연습문제 풀이 01
1_01
;; file: 1_01.rkt
10
;;=> 10
(+ 5 3 4)
;;=> 12
(- 9 1)
;;=> 8
(/ 6 2)
;;=> 3
(+ (* 2 4) (- 4 6))
;;=> 6
;; ===========================================
(define a 3)
(define b (+ a 1))
(+ a b (* a b))
;;=> 19
(= a b)
;;=> #f
(if (and (> b a) (< b (* a b)))
b
a)
;;=> 4
(cond ((= a 4) 6)
((= b 4) (+ 6 7 a))
(else 25))
;;=> 16
(+ 2 (if (> b a)
b
a))
;;=> 6
(* (cond ((> a b) a)
((< a b) b)
(else -1))
(+ a 1))
;;=> 16
1_02
$$\frac{5 + 4 + (2 - (3 - (6 + 4/5)))}{3(6 - 2)(2 - 7)}$$
;; file: 1_02.rkt
(/ (+ 5 4 (- 2 (- 3 (+ 6 (/ 4 5)))))
(* 3 (- 6 2) (- 2 7)))
;;=> -37/150
1_03
;; file: 1_03.rkt
(#%require rackunit)
(#%require threading)
(#%require "../allcode/helper/my-util.rkt")
;; a, b, c 를 인자로 받고 가장 큰 두 수의 제곱의 합
;; 1.1.4에 나온 sum-of-squares 사용.
(define (square x)
(* x x))
(define (sum-of-squares x y)
(+ (square x) (square y)))
(define (ex1-03 a b c)
(cond ((and (< a b) (< a c))
(sum-of-squares b c))
((< b c)
(sum-of-squares a c))
(else
(sum-of-squares a b))))
(check-equal? (ex1-03 2 10 3) 109)
;; ======================================================================================
;; 번외. sequcne(list)와 고차함수를(filter/sort/take) 이용한 방법.
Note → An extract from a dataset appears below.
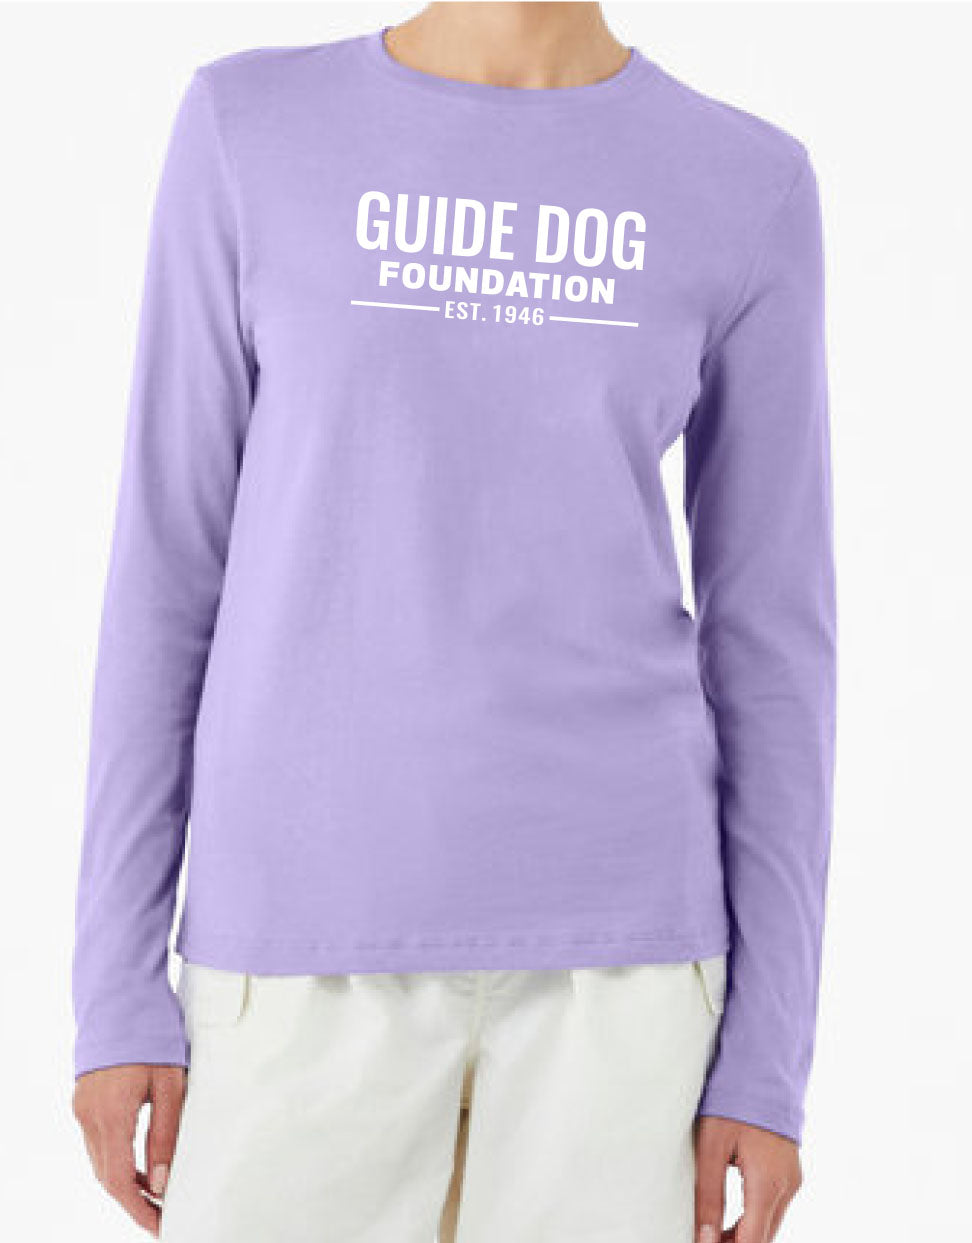 Ladies Guide Dog Foundation Logo Long Sleeve T-Shirt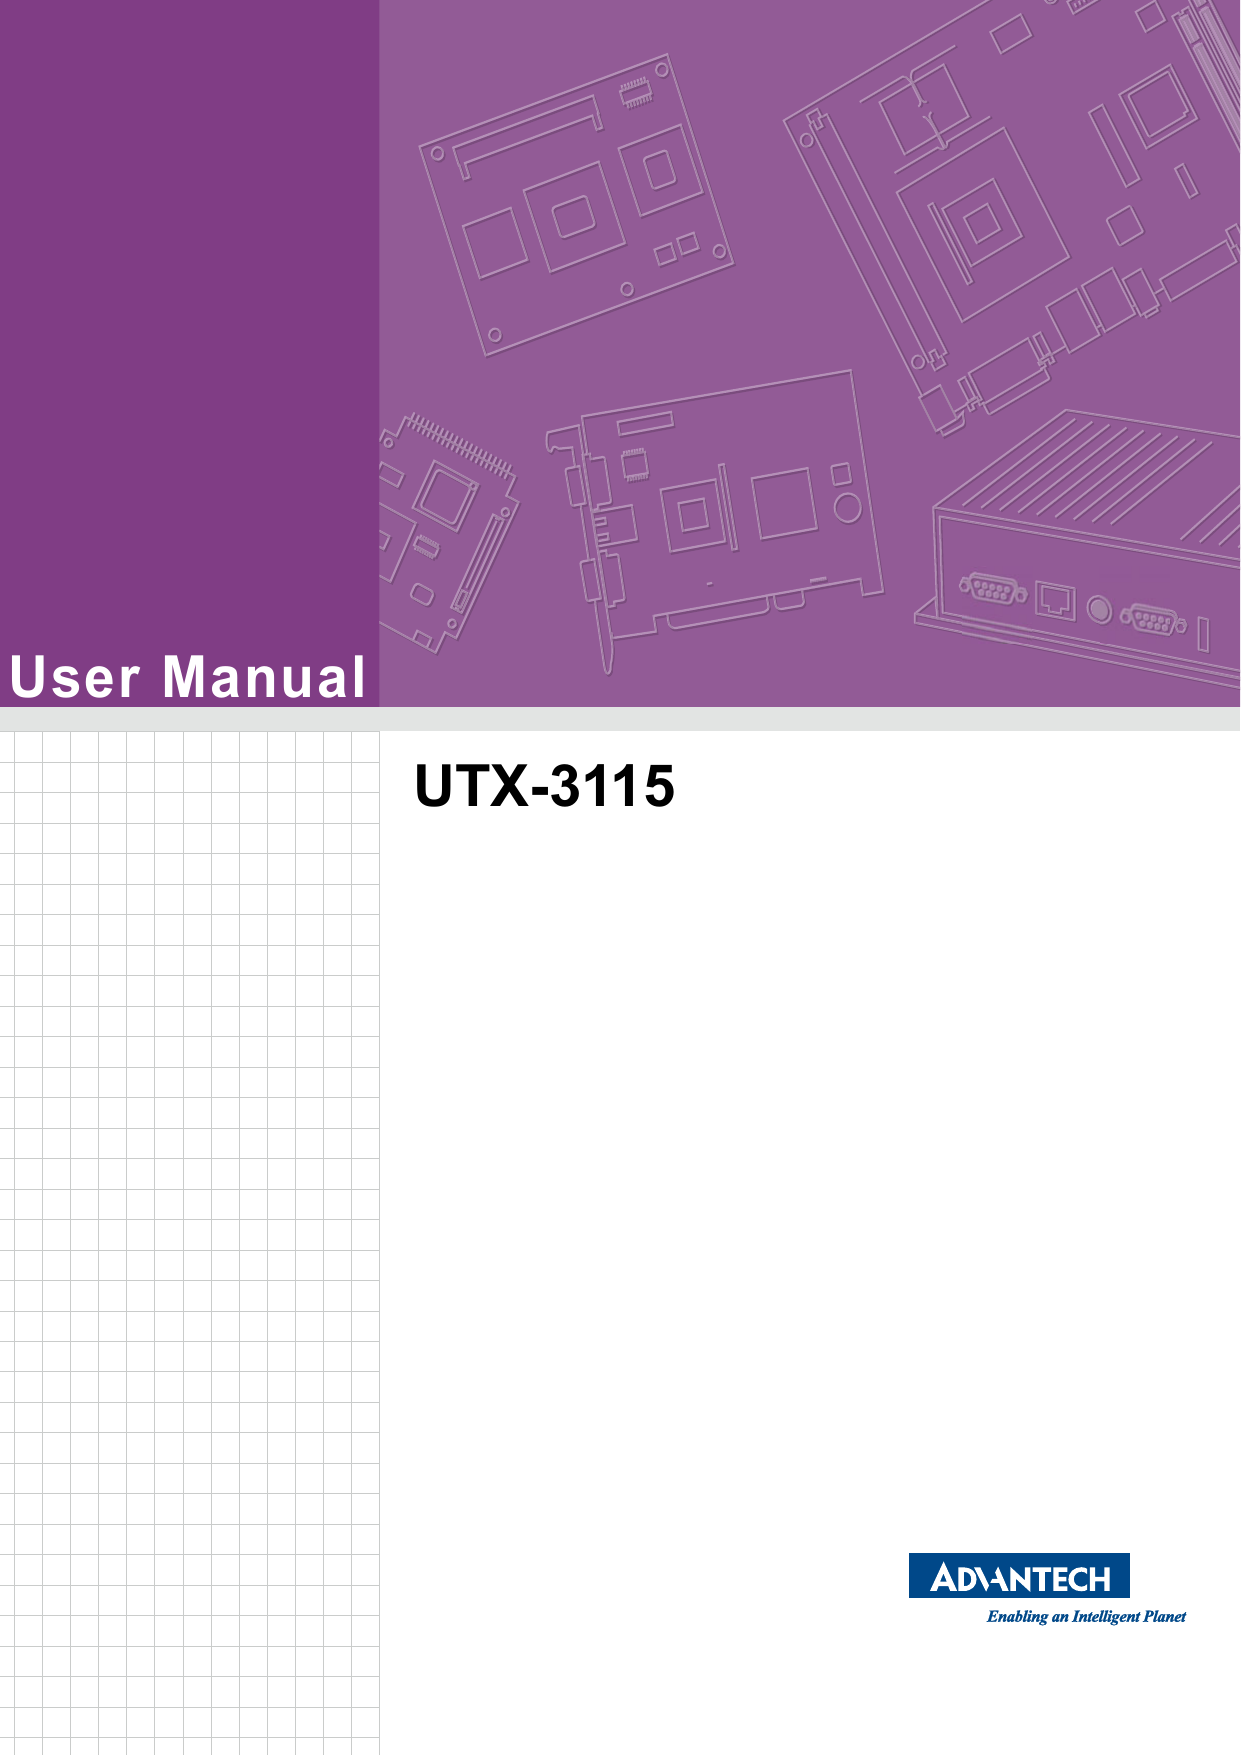 User ManualUTX-3115

(define (filter pred? sequence)
(cond ((null? sequence) '())
((pred? (first sequence))
(cons (first sequence) (filter pred? (rest sequence))))
(else
(filter pred? (rest sequence)))))
(define (sort less-than? lst)
(if (or (null? lst) (null? (rest lst)))
lst
(let* ((pivot (first lst))
(rest (rest lst))
(smaller (filter (lambda (x) (less-than? x pivot)) rest))
(greater-equal (filter (lambda (x) (not (less-than? x pivot))) rest)))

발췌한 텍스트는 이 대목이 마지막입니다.